Gary Cohen is not a doctor or a nurse. He has never worked in a hospital, and, he admits, he thinks hospitals are kind of scary, in part because both of his parents died in one. But when the Environmental Protection Agency released a draft report in the mid-1990s, citing hospital incinerators as the country’s No. 1 source of carcinogenic dioxin emissions, Cohen, a longtime environmental activist, simply couldn’t abide the irony. How could the industry that existed to heal people be doing so much harm?

In 1996, he and colleague Charlotte Brody founded the nonprofit Health Care Without Harm, and Cohen quietly made his way to hospitals around the country, explaining to aghast administrators how their operations were hurting patients, employees and communities.

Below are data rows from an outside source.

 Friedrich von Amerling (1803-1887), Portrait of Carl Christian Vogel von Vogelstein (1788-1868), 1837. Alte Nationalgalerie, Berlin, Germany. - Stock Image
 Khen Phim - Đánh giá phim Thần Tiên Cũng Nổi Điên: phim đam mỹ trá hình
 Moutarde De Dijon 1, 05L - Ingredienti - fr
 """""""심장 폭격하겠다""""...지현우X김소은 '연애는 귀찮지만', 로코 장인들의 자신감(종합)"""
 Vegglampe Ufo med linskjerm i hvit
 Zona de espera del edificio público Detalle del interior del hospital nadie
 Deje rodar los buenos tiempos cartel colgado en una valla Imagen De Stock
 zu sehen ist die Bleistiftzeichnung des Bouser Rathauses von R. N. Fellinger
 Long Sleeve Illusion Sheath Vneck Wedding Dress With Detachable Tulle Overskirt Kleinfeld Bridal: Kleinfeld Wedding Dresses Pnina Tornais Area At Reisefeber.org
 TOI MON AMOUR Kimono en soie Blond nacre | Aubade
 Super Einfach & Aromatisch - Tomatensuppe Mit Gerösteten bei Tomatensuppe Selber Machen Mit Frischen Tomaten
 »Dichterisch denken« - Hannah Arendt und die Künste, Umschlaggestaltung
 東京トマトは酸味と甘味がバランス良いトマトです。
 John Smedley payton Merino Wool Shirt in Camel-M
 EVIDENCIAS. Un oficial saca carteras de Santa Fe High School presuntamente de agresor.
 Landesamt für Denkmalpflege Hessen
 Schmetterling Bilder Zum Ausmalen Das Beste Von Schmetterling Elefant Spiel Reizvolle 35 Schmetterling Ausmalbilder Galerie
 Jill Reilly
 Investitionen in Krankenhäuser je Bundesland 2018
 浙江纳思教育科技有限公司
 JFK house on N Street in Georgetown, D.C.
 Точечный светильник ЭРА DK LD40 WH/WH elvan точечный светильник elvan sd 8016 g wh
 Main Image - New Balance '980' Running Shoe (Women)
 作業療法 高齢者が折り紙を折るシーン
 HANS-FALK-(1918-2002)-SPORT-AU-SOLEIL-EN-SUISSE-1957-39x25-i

Then he supplied them with cost-effective steps they could take to remedy the situation, as well as the promise of a lasting partnership.

Some 15 years later, Health Care Without Harm is a coalition of nearly 500 hospitals, universities, health professional organizations and environmental groups working in 52 countries around the world. When Cohen began the work, there were 5,000 medical-waste incinerators in the U.S. By 2006, there were 83. Back then, every nurse carried a thermometer filled with highly poisonous mercury; the instruments lined the shelves of pharmacies and went home from the hospital with new mothers. Today, mercury thermometers are practically obsolete in the United States, and Cohen, partnering with the World Health Organization, is on the cusp of making them disappear around the world. Cohen helped hospitals leverage their massive buying power to get medical supply companies to stock hospitals with greener products. Even as his work with hospitals deepened in the U.S. and expanded worldwide, Cohen has a more ambitious goal. “If the health care sector can clean up its own house,” he says, “they can be powerful messengers in the broader society on how we can detox the entire economy.”